**Required work:** An exact, complete printout of the listing is wanted, minus its images.

**Data segment:**

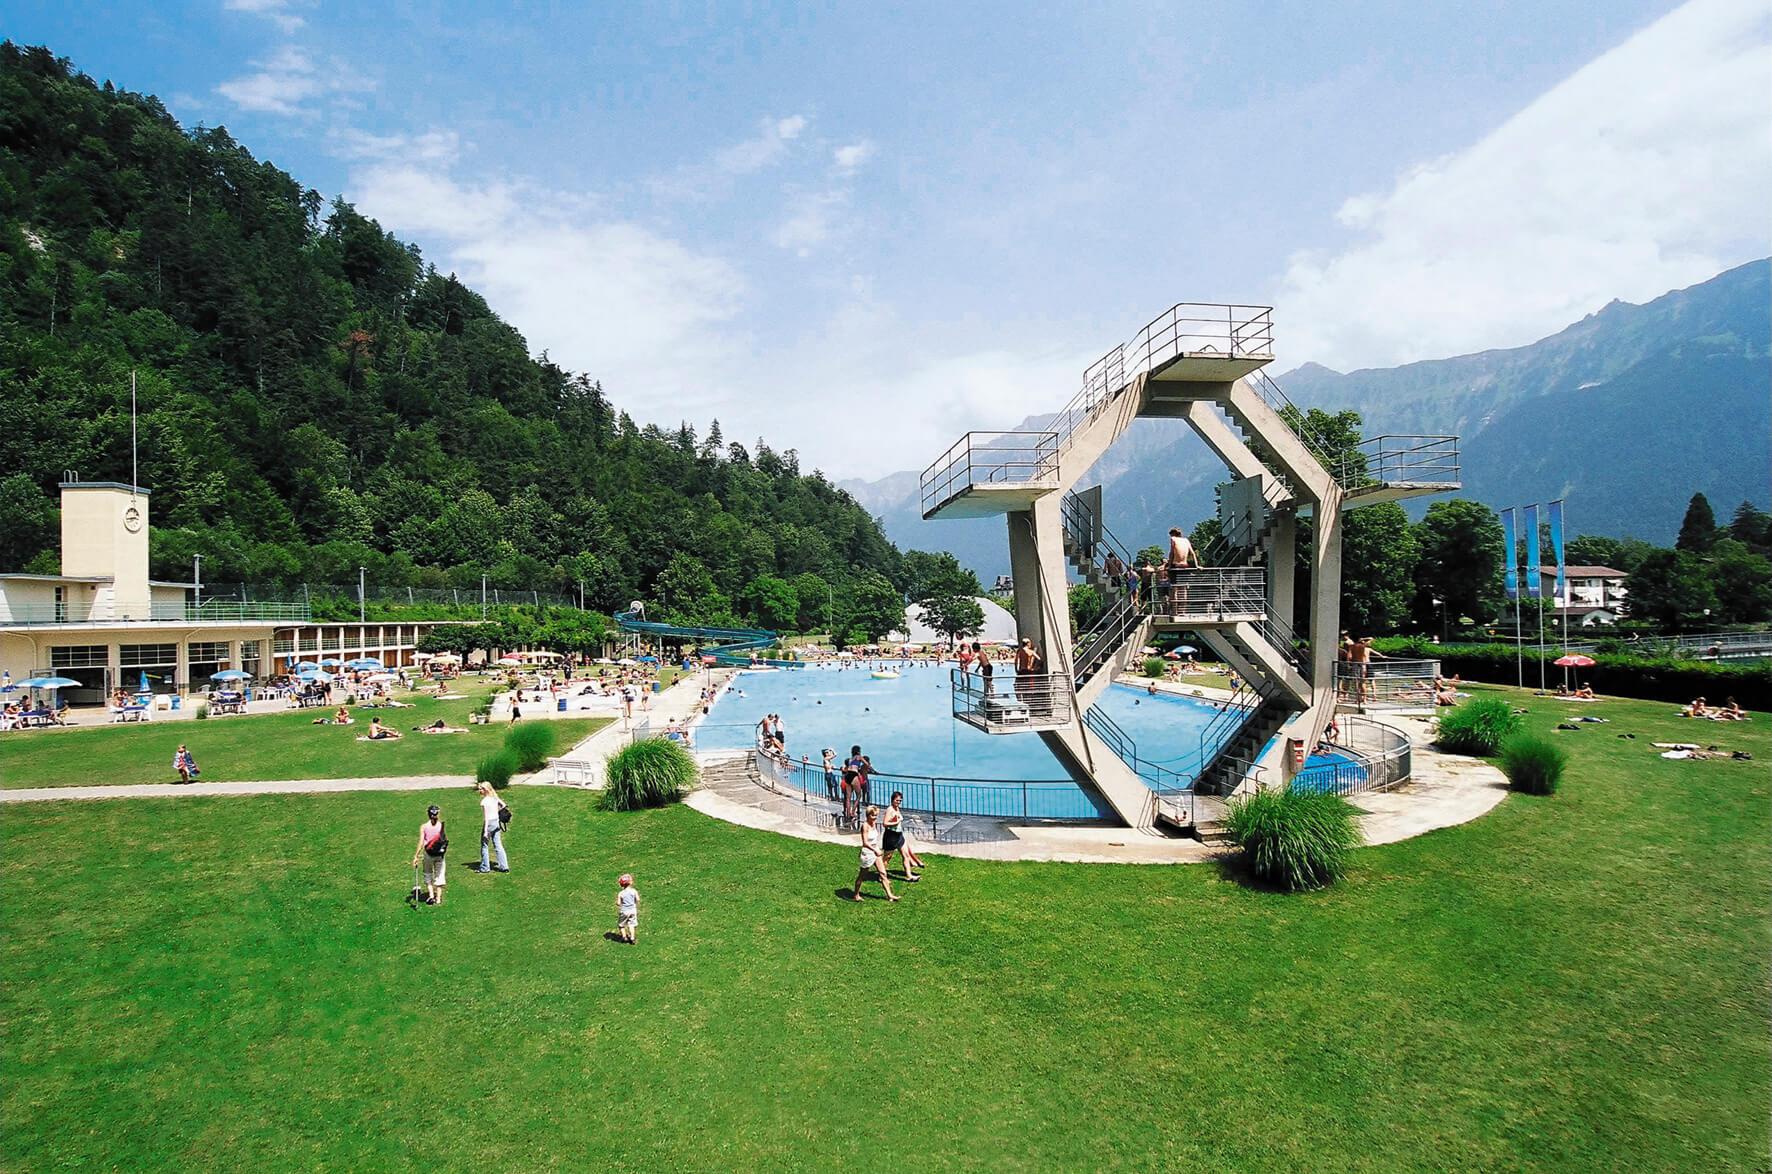 interlaken-boedelibad-springturm-sommer-liegewiese
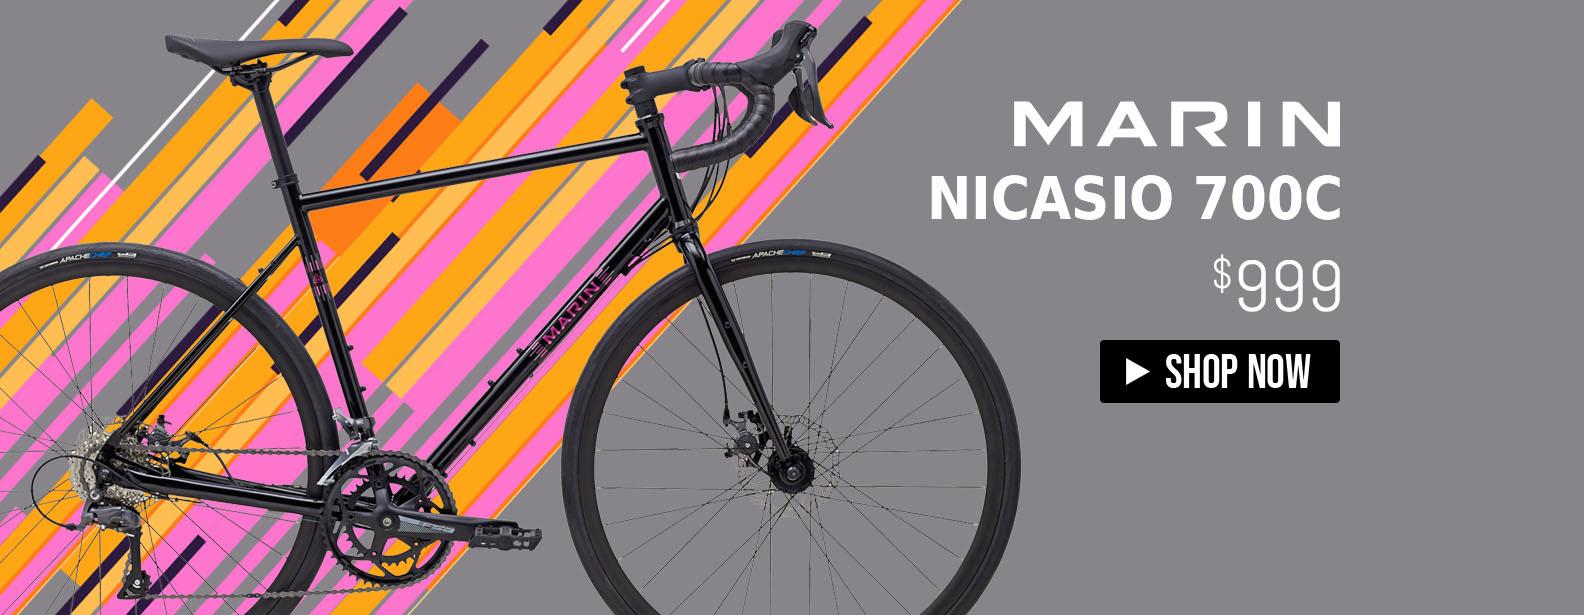 Buy Marin Nicasio 700C Bike
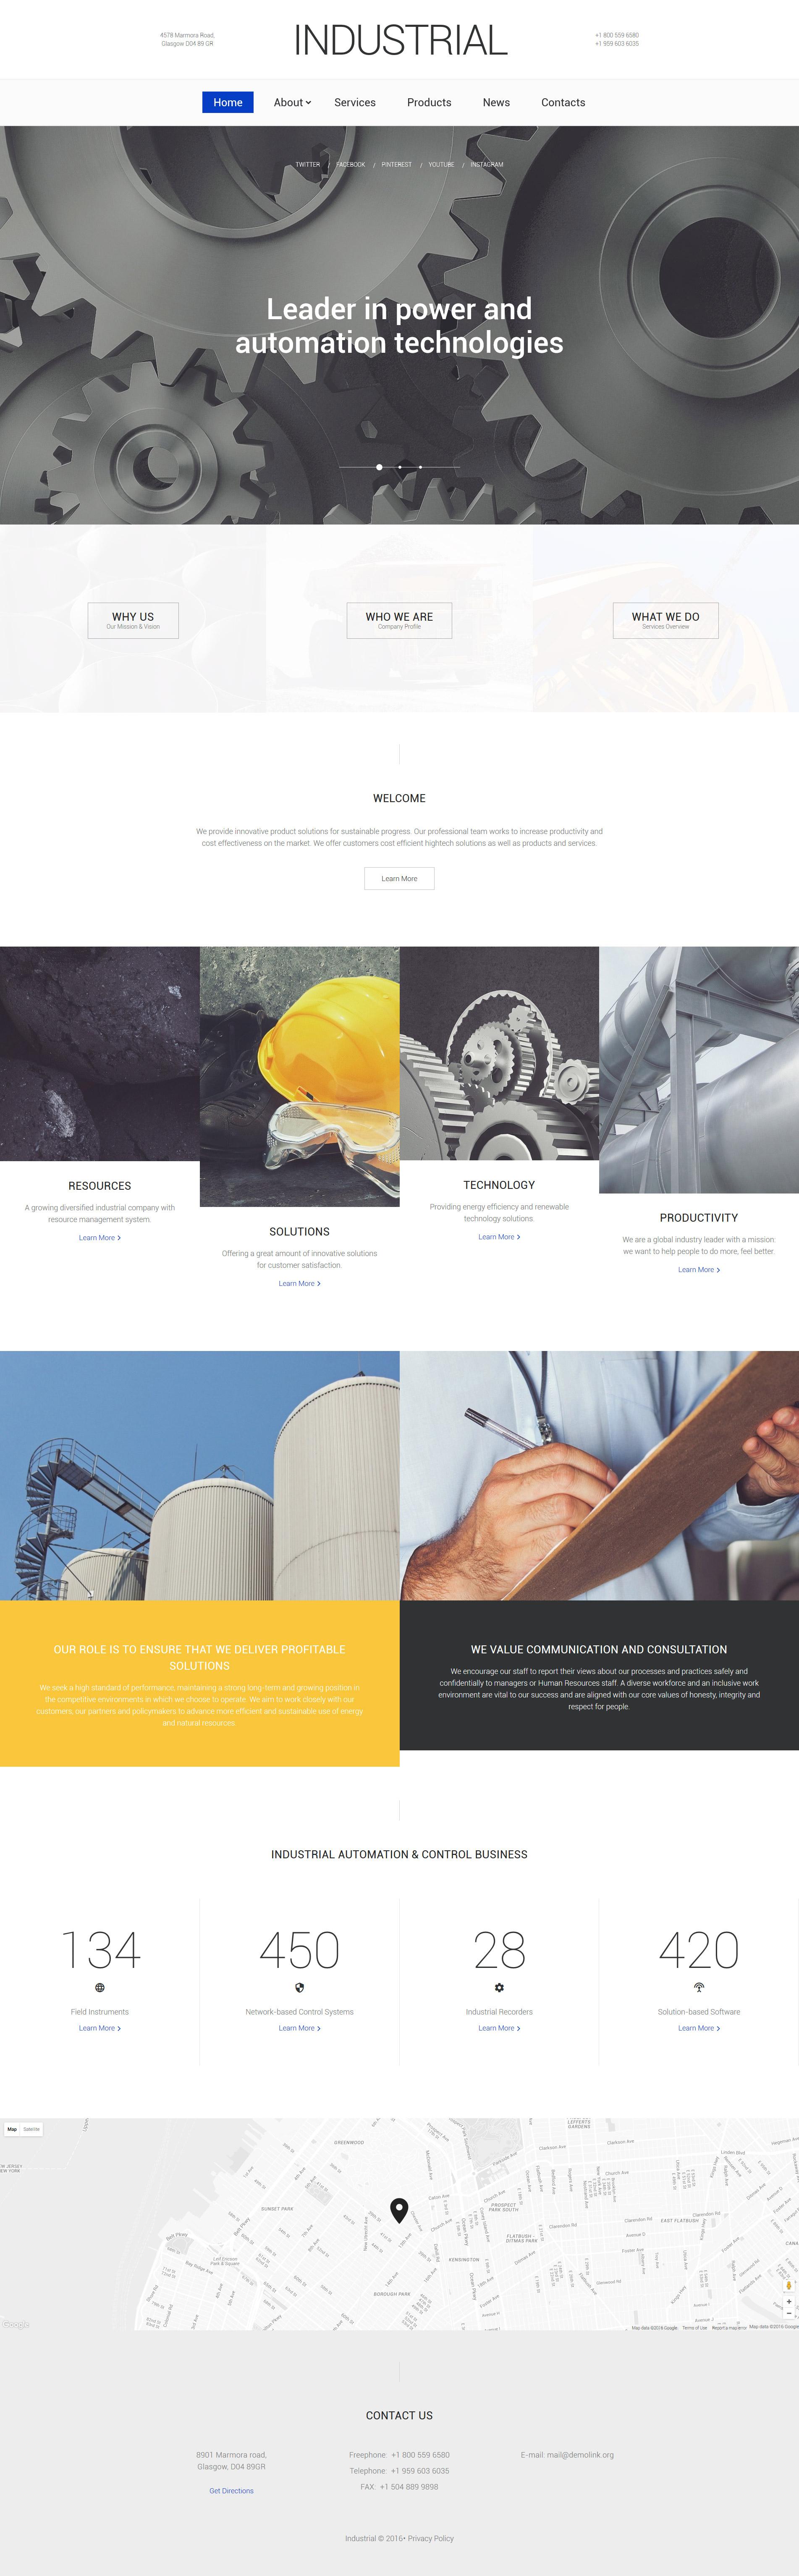 Industrial Technology Website Template - screenshot
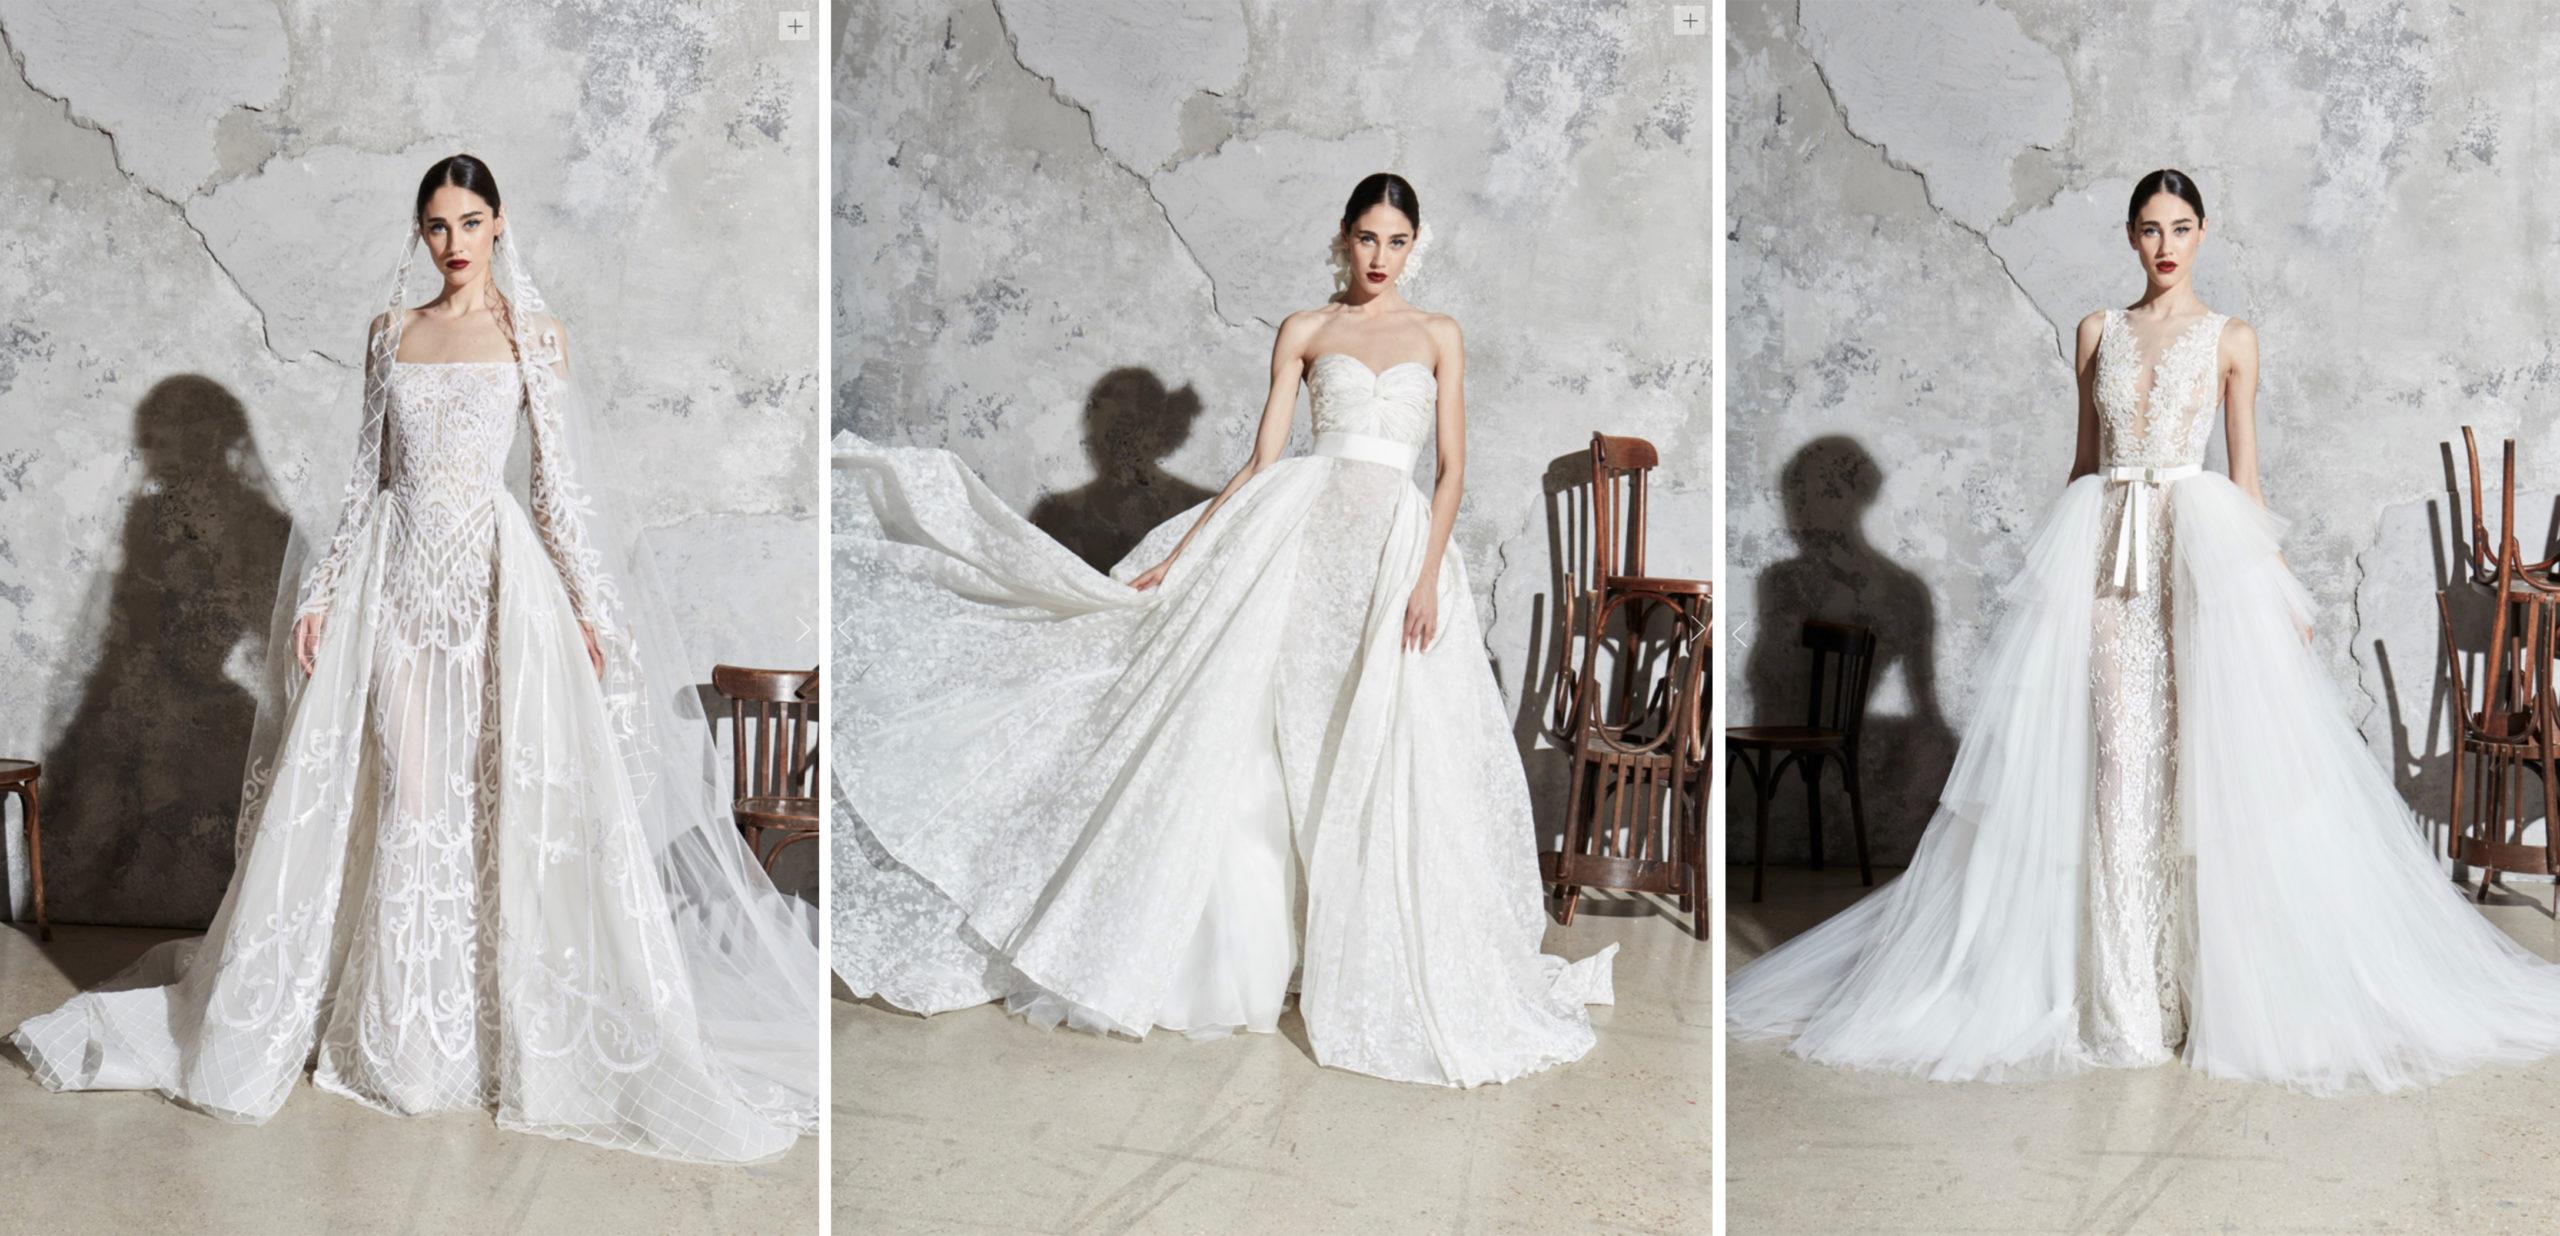 Gowns by Zuhair Murad

**Solution to this exercise:**
 interlaken-boedelibad-springturm-sommer-liegewiese
 Buy Marin Nicasio 700C Bike
 Industrial Technology Website Template - screenshot
 Gowns by Zuhair Murad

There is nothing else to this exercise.